Within the Catholic Church, the Second Vatican Council acknowledged that "a sense of the dignity of the human person has been impressing itself more and more deeply on the consciousness of contemporary man" (Declaration on Religious Freedom, #1). This growing awareness of human dignity has been a dominant factor within Western culture. Within the United States, the struggle to appreciate human worth more fully is found in the civil rights movement and in the public debate about our foreign policy toward totalitarian regimes of both the right and the left.
This deepening awareness, as I intimated above, has been precipitated in part by a growing recognition of the frailty of human life today. Faced with the threat of nuclear war and escalating technological developments, the human family encounters a qualitatively new range of moral problems. Today, life is threatened on a scale previously unimaginable.

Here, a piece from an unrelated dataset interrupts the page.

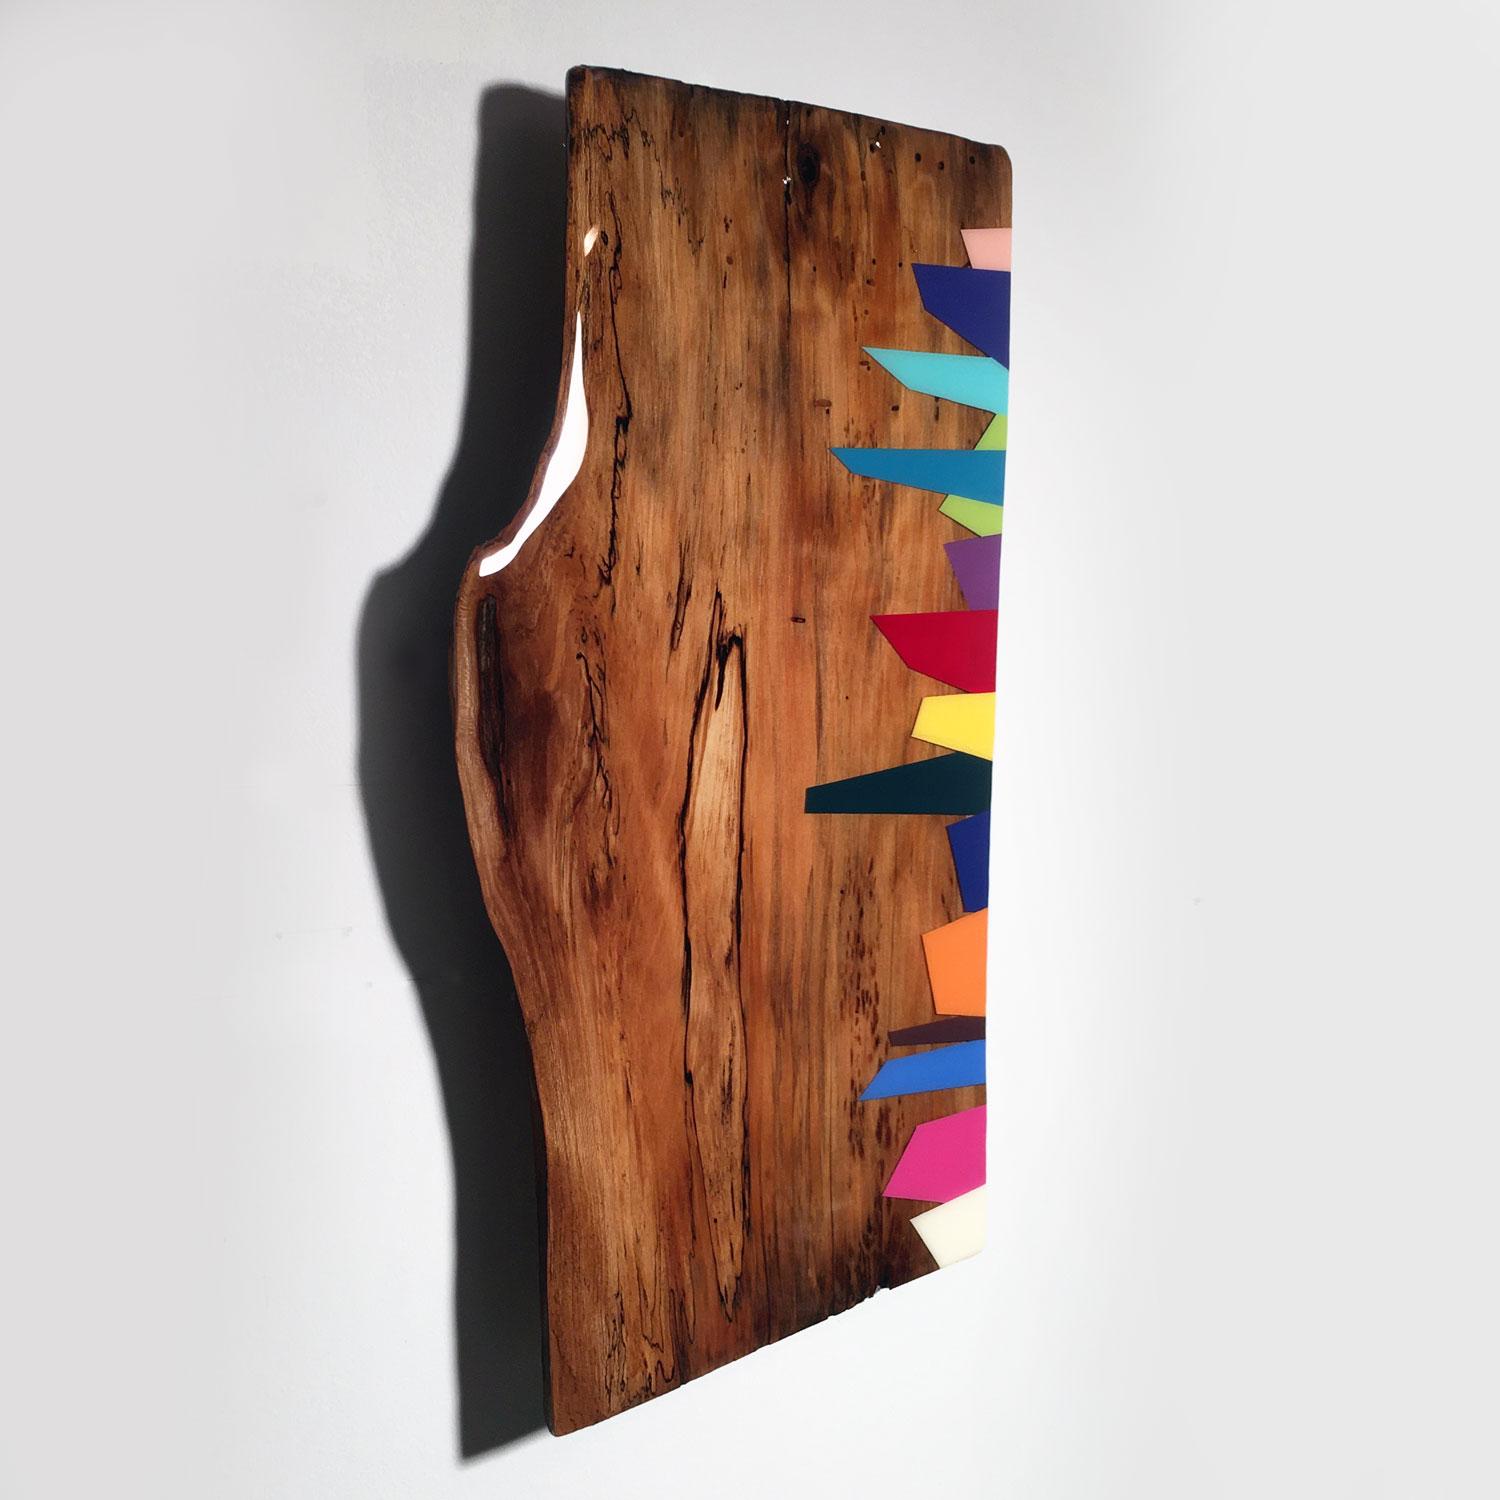 Mini Leaner #8, Contemporary Painted Rainbow Wall Sculpture, Shiny Exotic Wood - Brown Abstract Sculpture by David E. Peterson

This is why the U.S. Catholic bishops and others have been so visible and vocal in the public debate this past decade or two, asserting belief in the sacredness of human life and the responsibilities we have, personally and as a society, to protect and preserve the sanctity of life.
Nonetheless, it is not enough merely to assert such an ethical principle. If it is to be acknowledged and implemented, it must impact all areas of human life. It must respond to all the moments, places or conditions which either threaten the sanctity of life or cultivate an attitude of disrespect for it.
A consistent ethic of life is based on the need to ensure that the sacredness of human life, which is the ultimate source of human dignity, will be defended and fostered from womb to tomb, from the genetic laboratory to the cancer ward, from the ghetto to the prison.